Shahid Javed Burki, the former finance minister of Pakistan, says publicly what everyone is saying privately; Pakistan hangs by a thread.  Burki, now the chairman of the Institute of Public Policy in Lahore, doesn’t mince words:

Pakistan’s domestic situation is becoming increasingly precarious. Indeed, serious questions are now being raised as to whether the country can survive in its present form.

Such questions stem from a growing fear that Islamist groups might once again make a serious bid to capture the levers of power in the country.
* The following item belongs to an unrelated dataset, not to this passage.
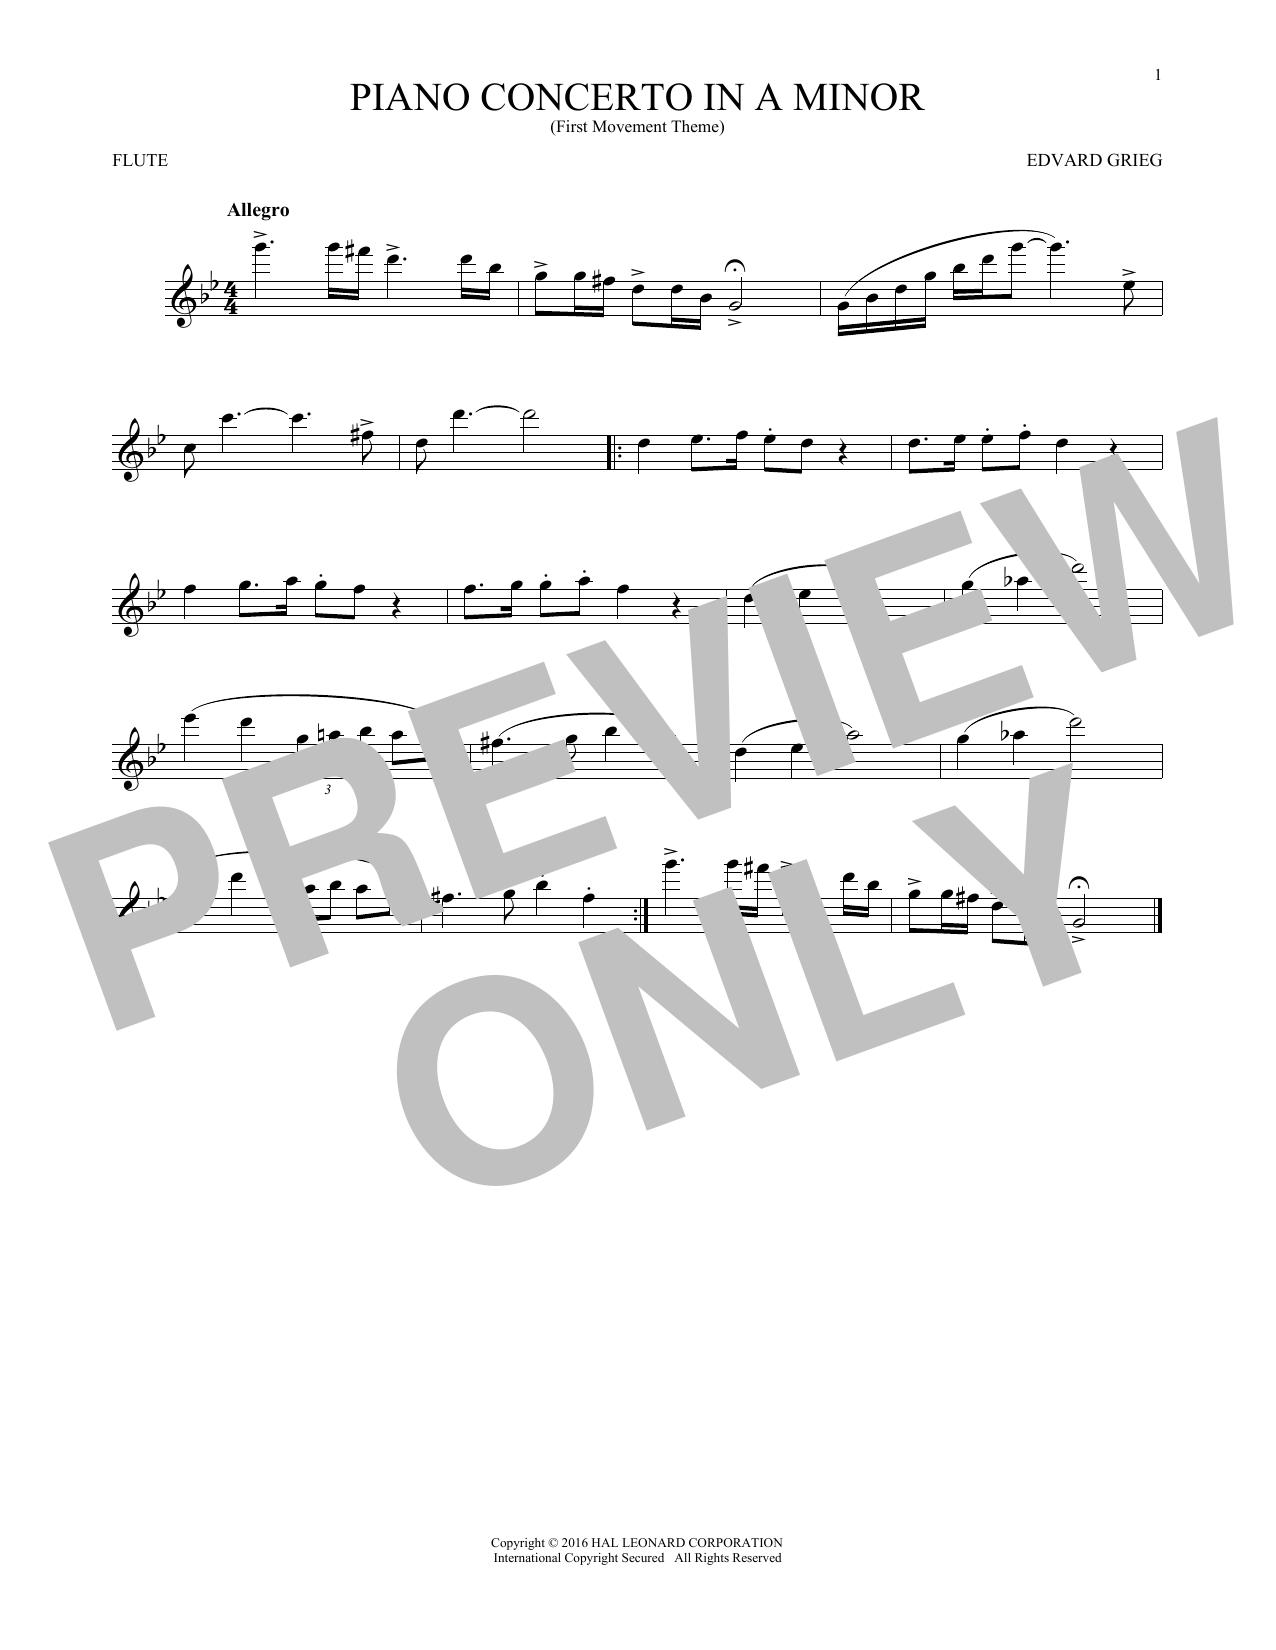 Piano Concerto In A Minor, Op. 16 (Flute Solo)
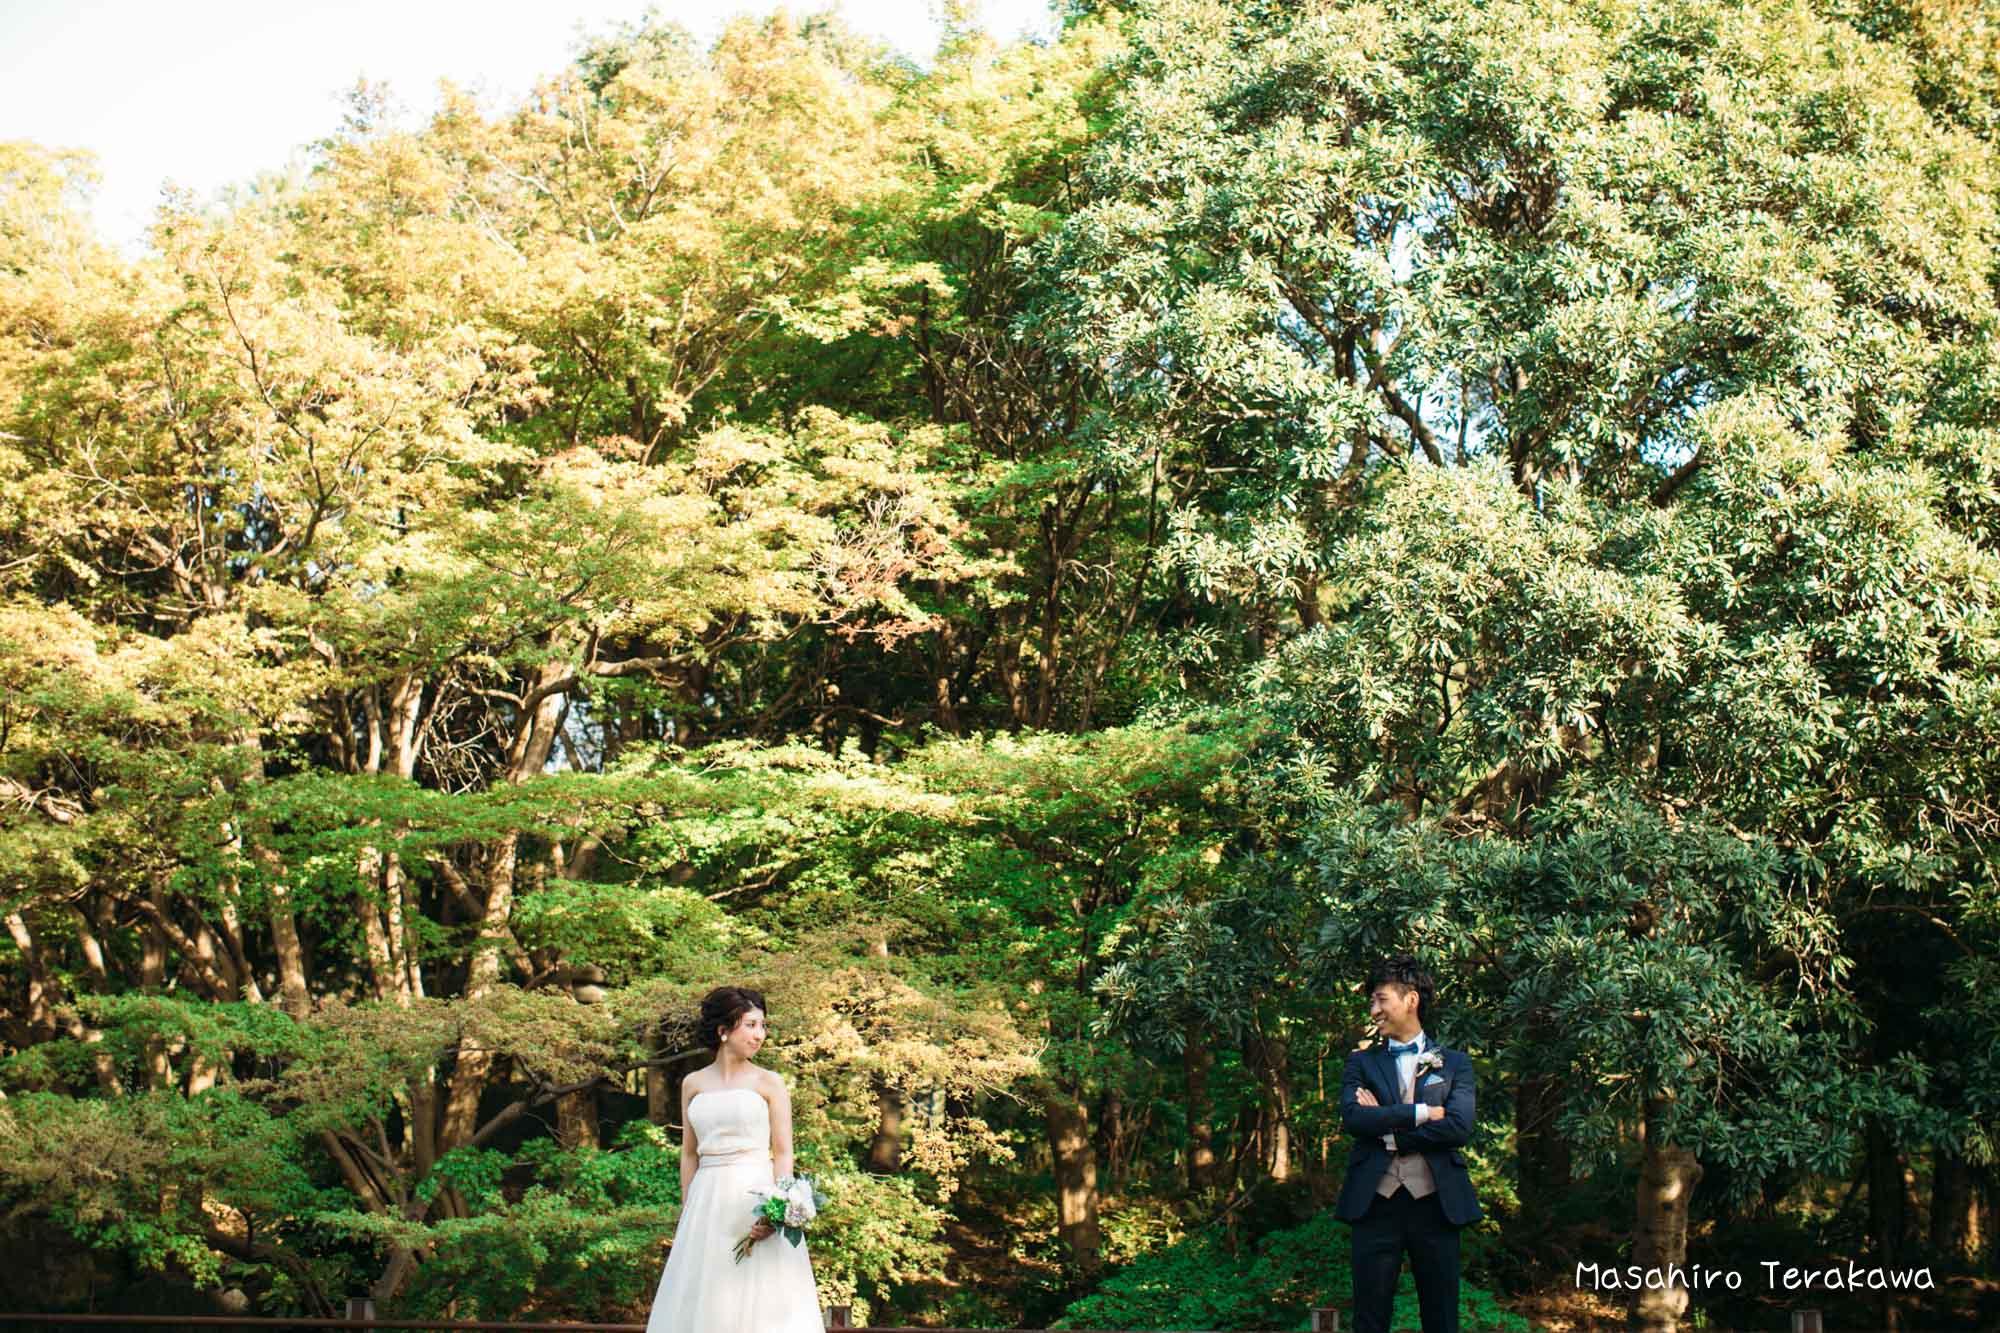 【大阪】鶴見緑地公園で結婚式の和装・洋装前撮り8

If that is not possible because of the presence of a large and disciplined military, the Islamists might attempt to carve out some space for themselves in which to establish a separate system of governance more fully aligned with what they view as the principles of Islam.

Islamist groups’ previous attempt to create such a space was successfully countered by the military in 2009, when it drove insurgent forces from the sensitive district of Swat and the tribal agency of South Waziristan.

Today, however, Pakistan’s military may not be prepared to act with the force and conviction it showed last time. Its resolve to counter the Islamists’ growing influence has been weakened by two unfortunate events: the recent assassination of Salman Tasser, the governor of Punjab, Pakistan’s most populous province, and the deaths last month of two young men allegedly at the hands of an American official named Raymond Davis.